• **Task objective**: With pictures omitted, copy exactly every line from the one that contains "Kink themed word search" to the end of the listing below.

• **The data**:

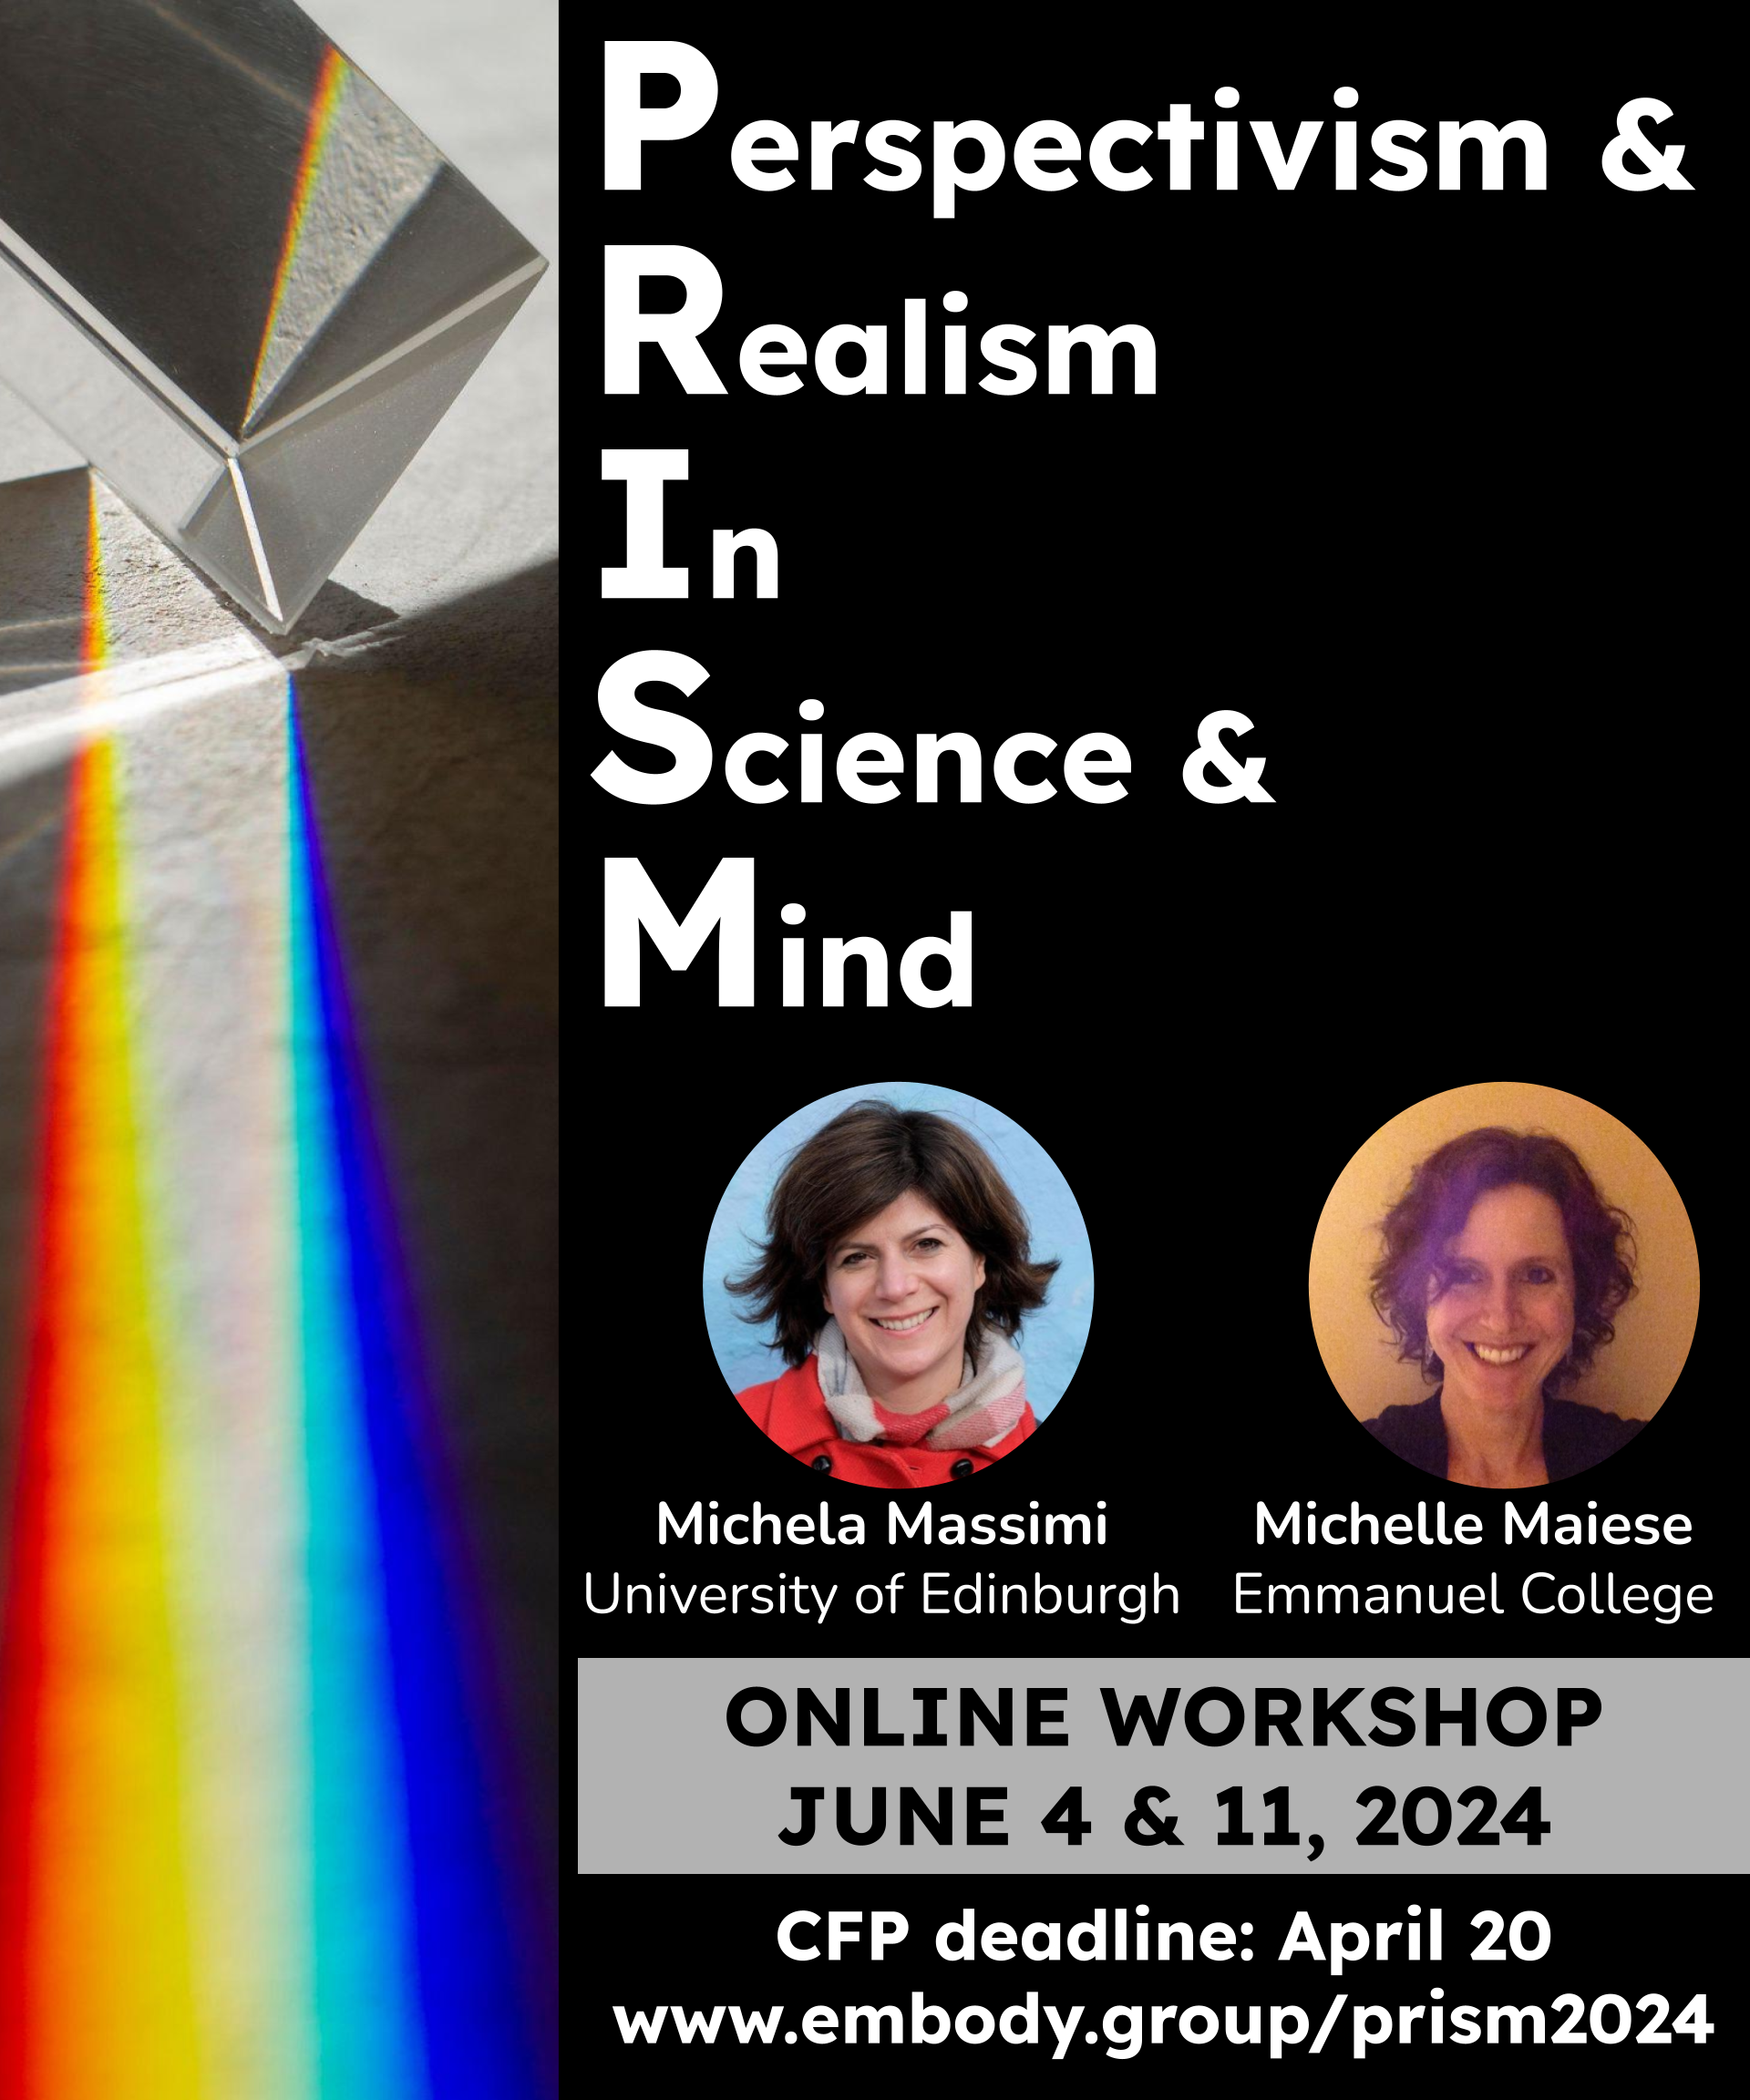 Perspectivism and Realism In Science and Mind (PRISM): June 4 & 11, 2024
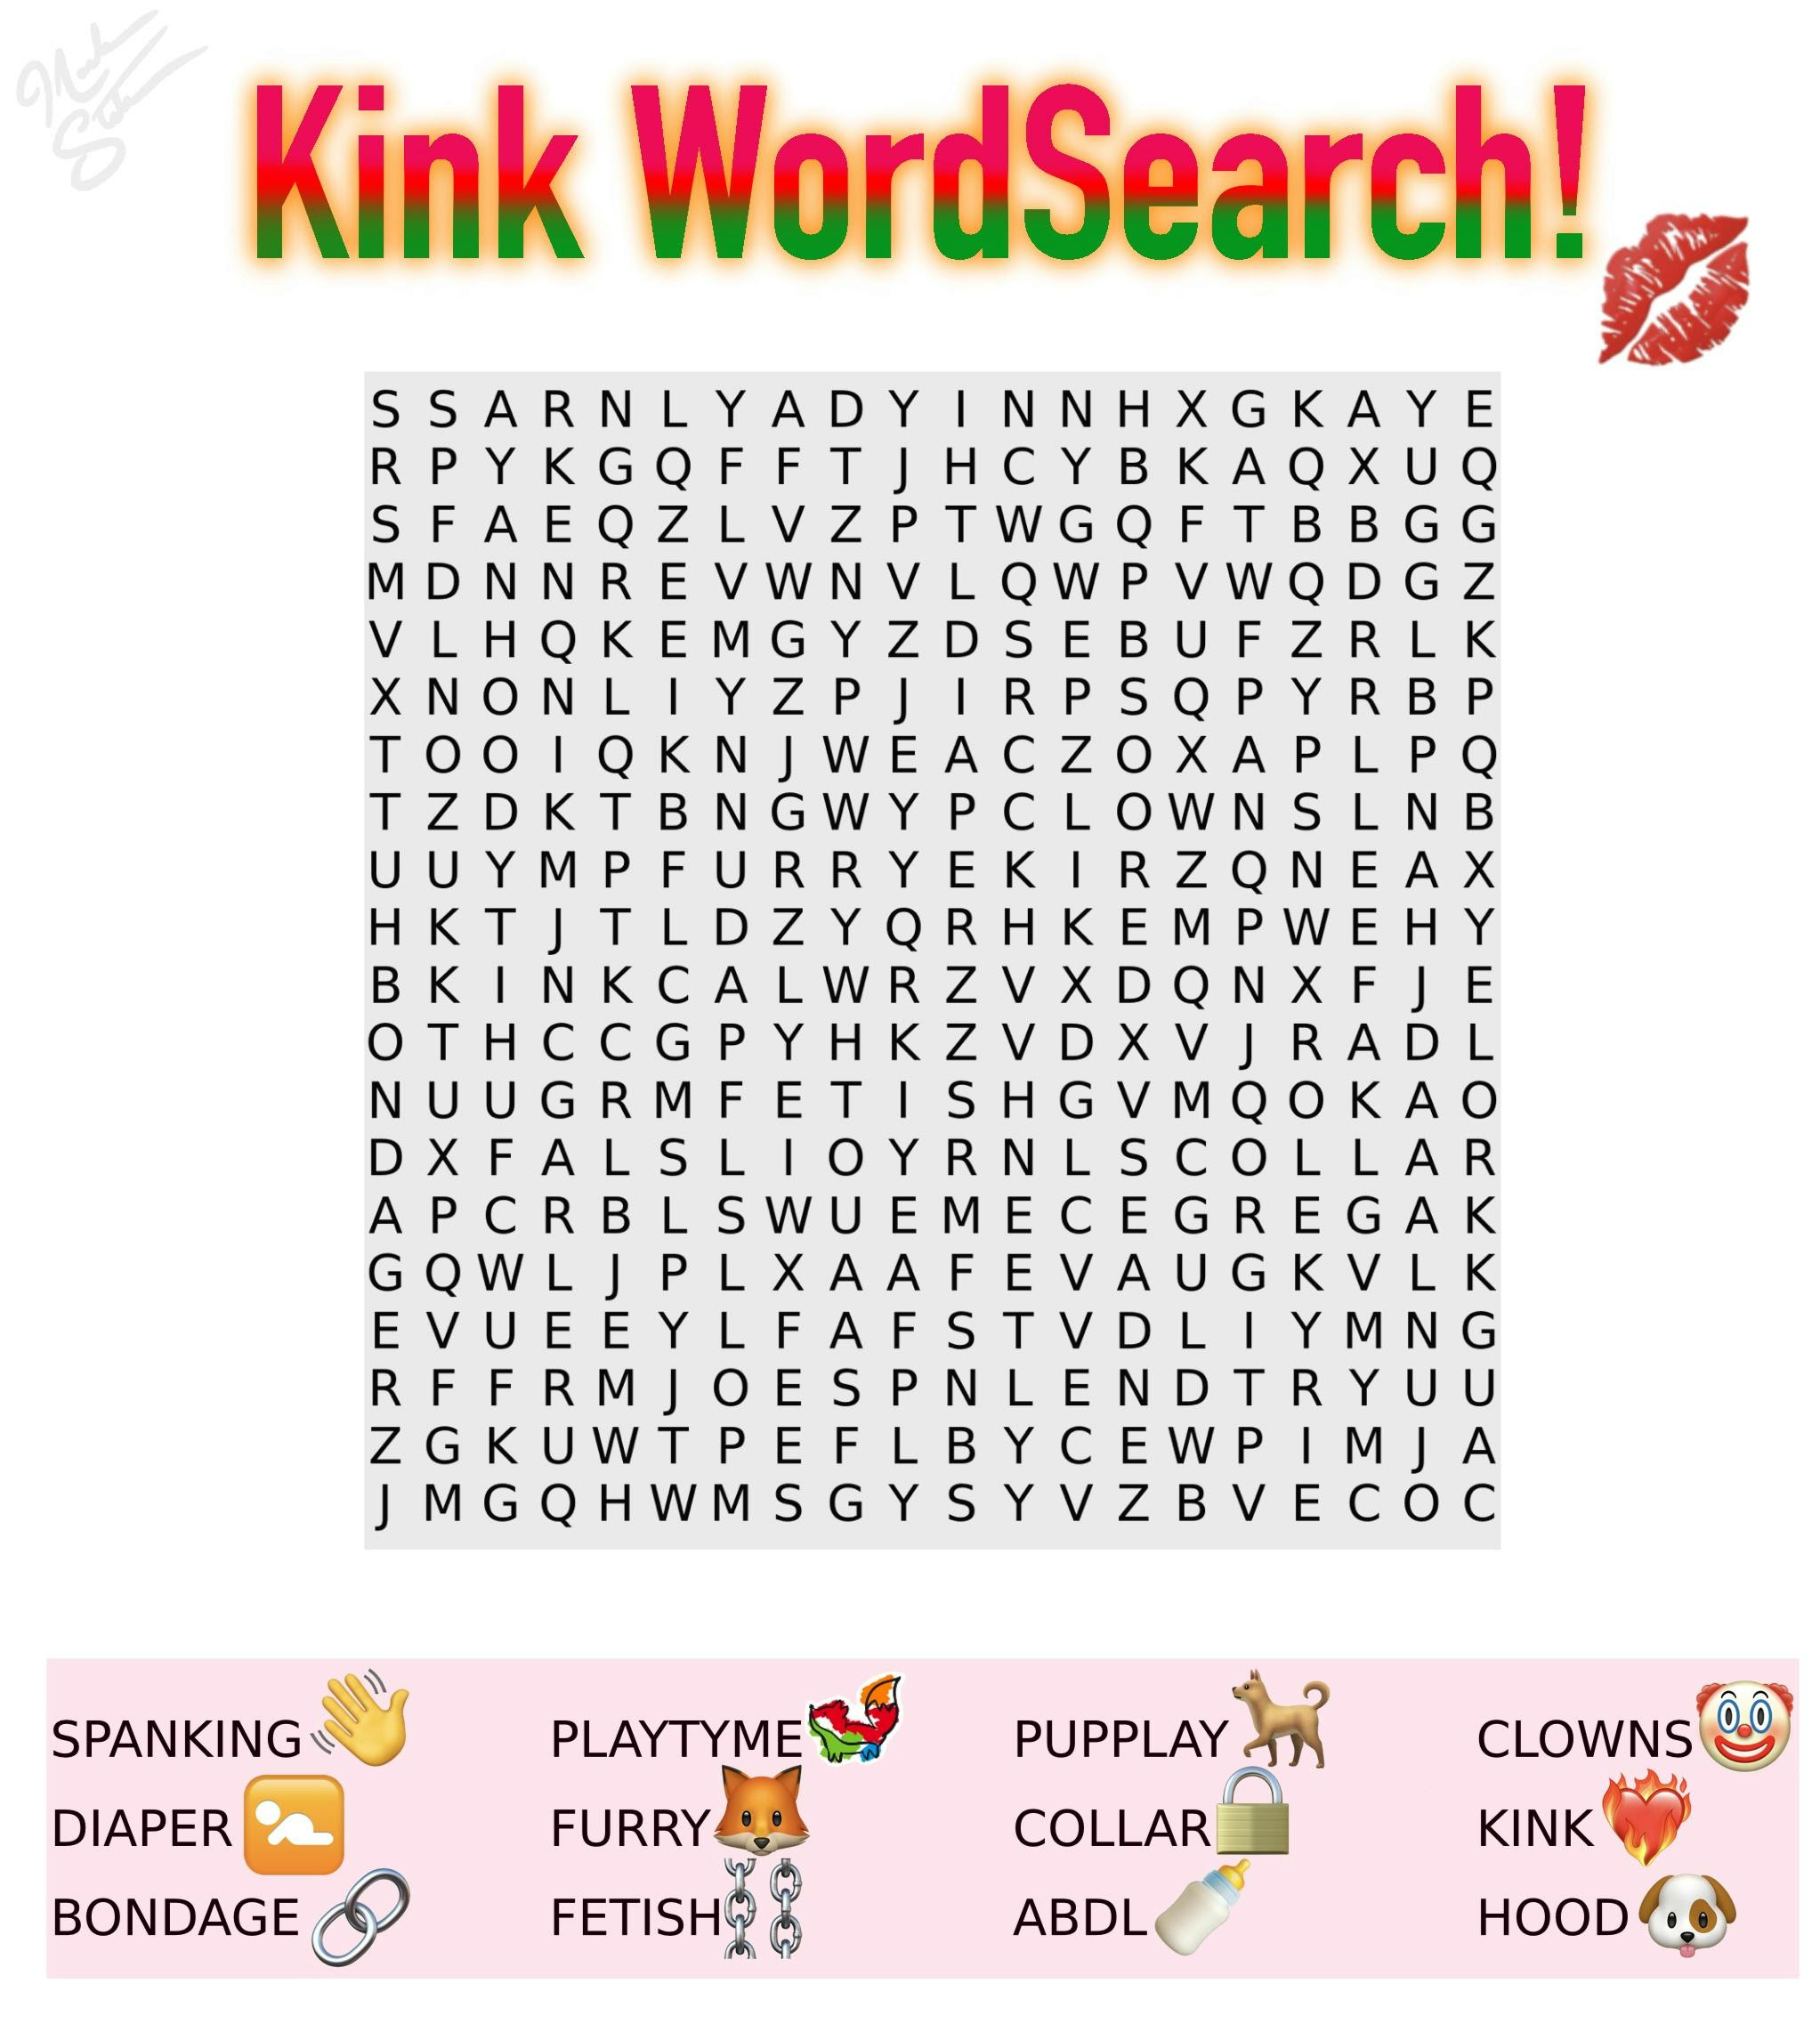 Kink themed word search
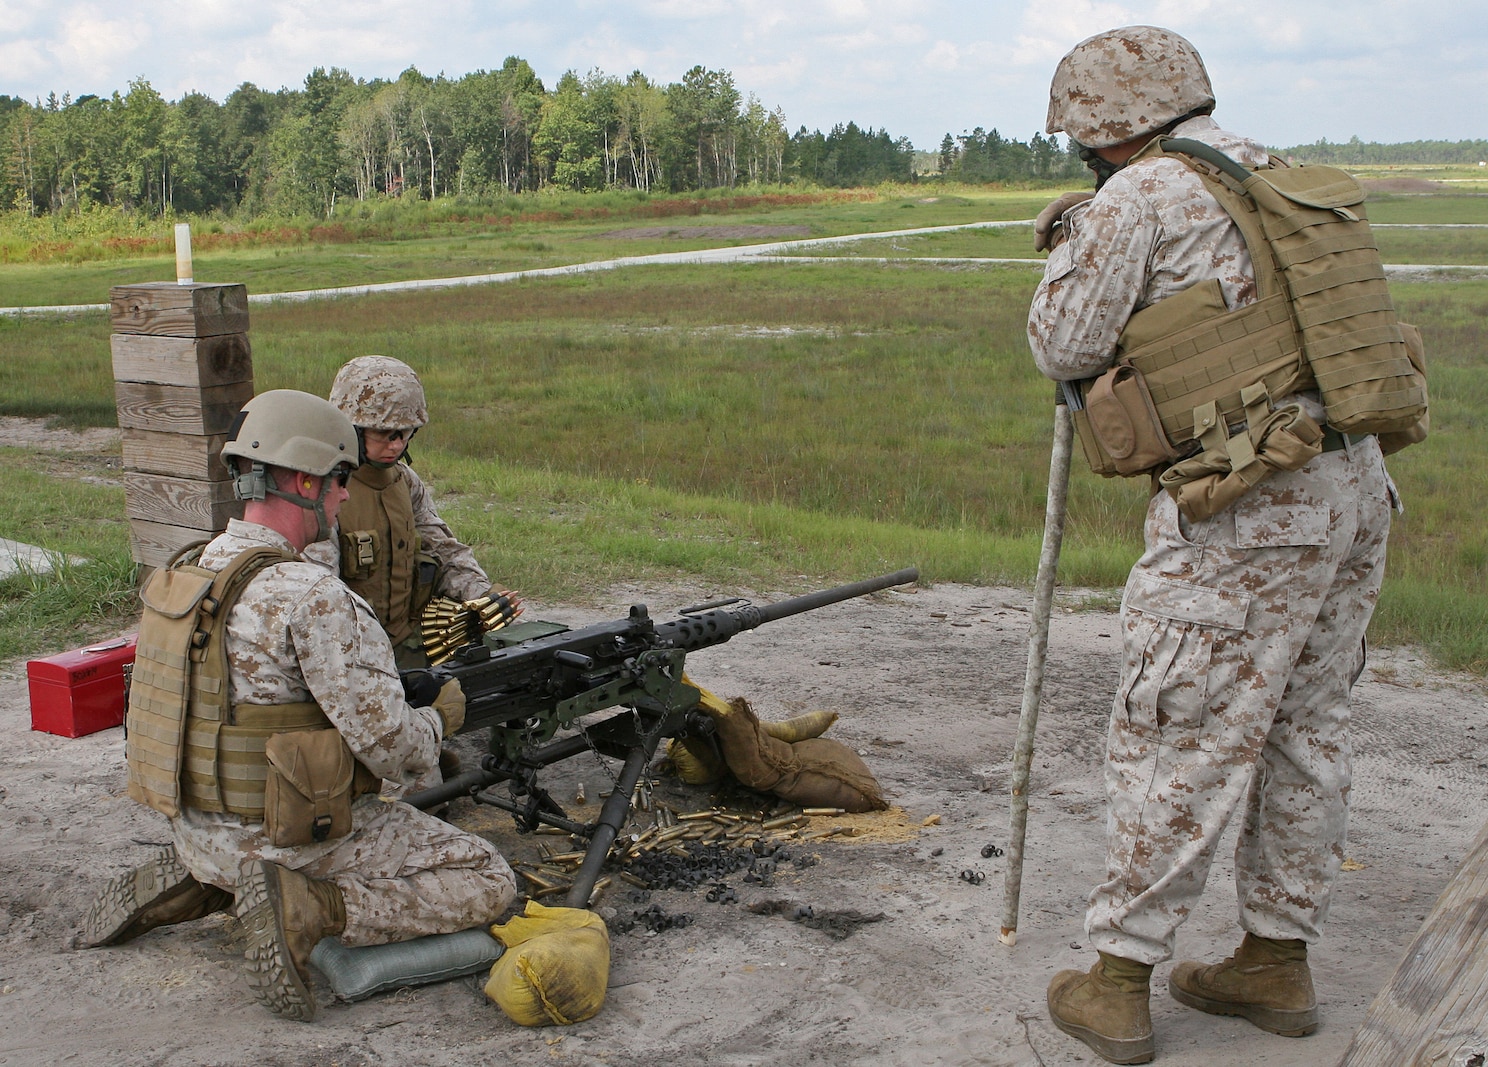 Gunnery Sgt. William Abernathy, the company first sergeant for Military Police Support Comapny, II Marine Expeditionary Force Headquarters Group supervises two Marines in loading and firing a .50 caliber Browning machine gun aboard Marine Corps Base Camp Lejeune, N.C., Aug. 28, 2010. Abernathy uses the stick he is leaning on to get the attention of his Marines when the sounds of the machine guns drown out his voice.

• **Answer to this problem**:
 Kink themed word search
 Gunnery Sgt. William Abernathy, the company first sergeant for Military Police Support Comapny, II Marine Expeditionary Force Headquarters Group supervises two Marines in loading and firing a .50 caliber Browning machine gun aboard Marine Corps Base Camp Lejeune, N.C., Aug. 28, 2010. Abernathy uses the stick he is leaning on to get the attention of his Marines when the sounds of the machine guns drown out his voice.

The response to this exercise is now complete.